Taken together, the distinct organizations of transcription-factor binding sites that we find, solely from sequence analysis, between promoters with high and low promoter activities may partly explain how the measured activities of RP promoters are encoded in their DNA sequence and provide insights into the way by which each of these factors contributes to transcription. The mechanism by which Fhl1, Sfp1, and TATA boxes contribute appears to be relatively simple, such that, in general, more sites for these factors in proximity to the TrSS likely result in higher promoter activities. In contrast, although we find significant differences in the distribution of Rap1 sites between promoters with high and low promoter activities, the mechanism by which these differences contribute differentially to transcription is unclear.

Stronger RP promoters are less favorable for nucleosome formation

As another type of sequence element that may influence promoter activity, we examined the intrinsic (DNA-encoded) nucleosome organization of RP promoters.
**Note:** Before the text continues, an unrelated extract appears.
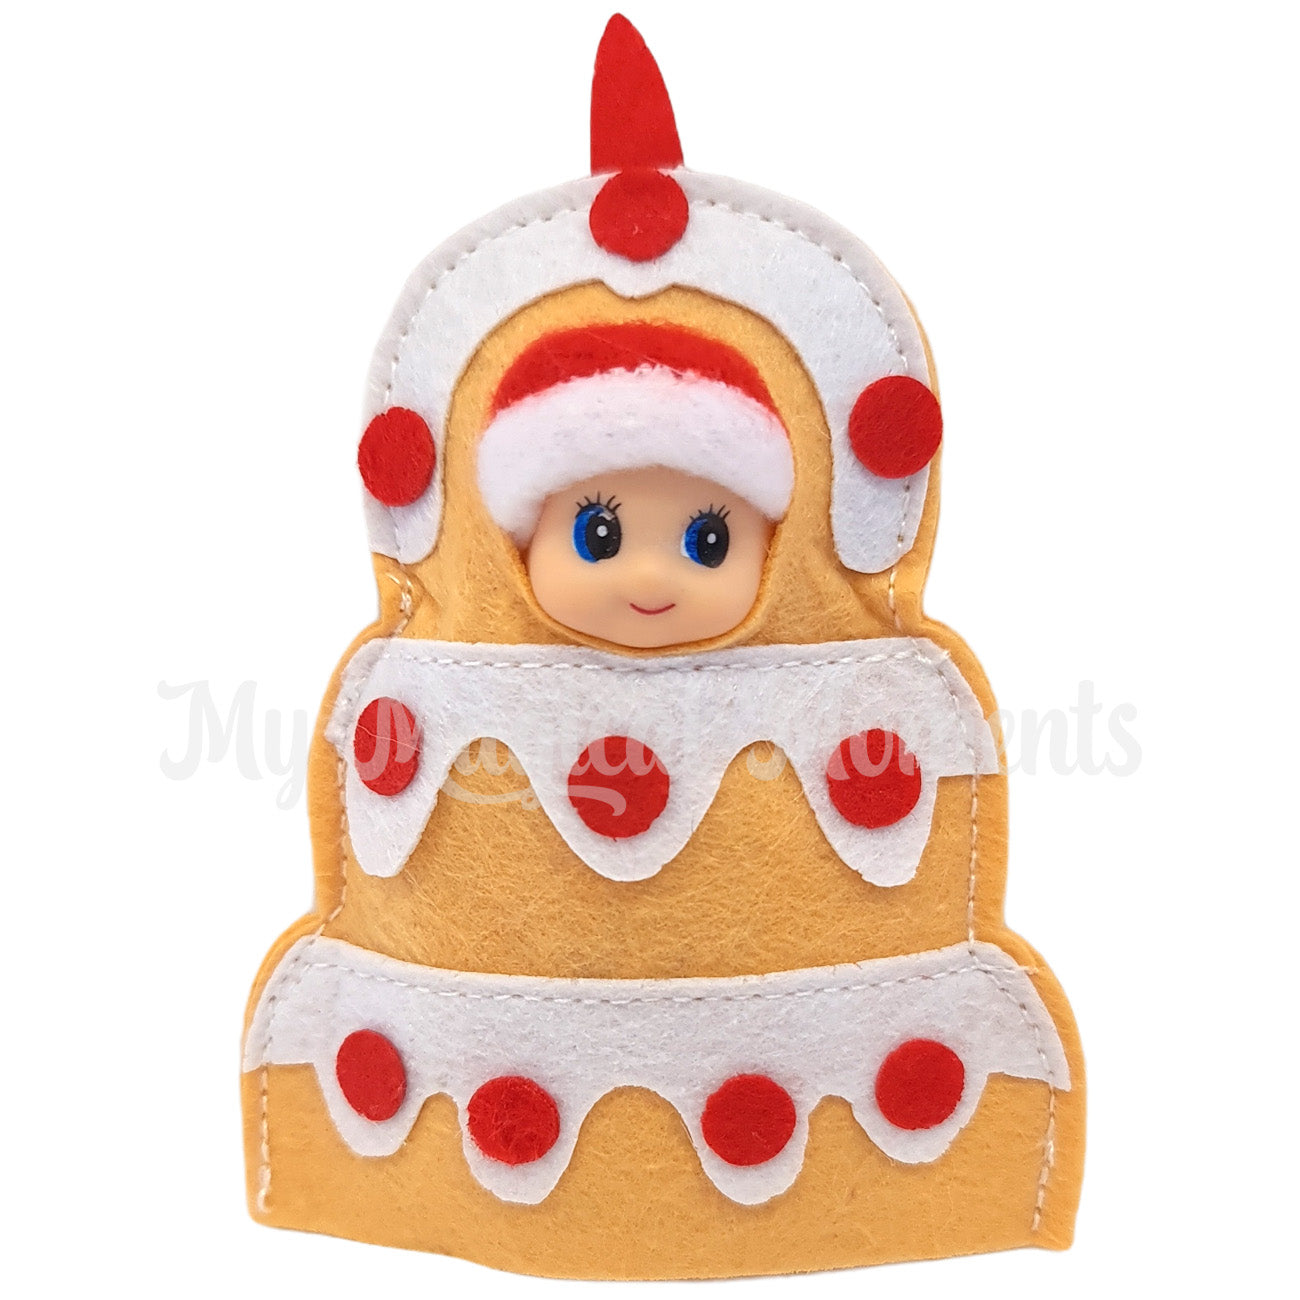 baby elf wearing a cake dress up

Since nucleosomes occlude their wrapped DNA from access to most transcription factors (Kornberg and Lorch 1999), we asked whether RP promoters that are more energetically favorable for nucleosome wrapping may be less accessible to binding by transcription factors and by the transcription initiation machinery, and thus have lower promoter activity. In vitro (Polach and Widom 1995), and for two yeast genes in vivo (Svaren et al. 1994; Iyer and Struhl 1995; Lam et al. 2008), it was indeed shown that transcription factors have reduced access to sites that are wrapped within a nucleosome prior to production of that factor. However, we are not aware of a large set of genes for which part of the differences between their promoter activities within the same species were suggested to be linked to the intrinsic nucleosome affinity of their promoter sequences.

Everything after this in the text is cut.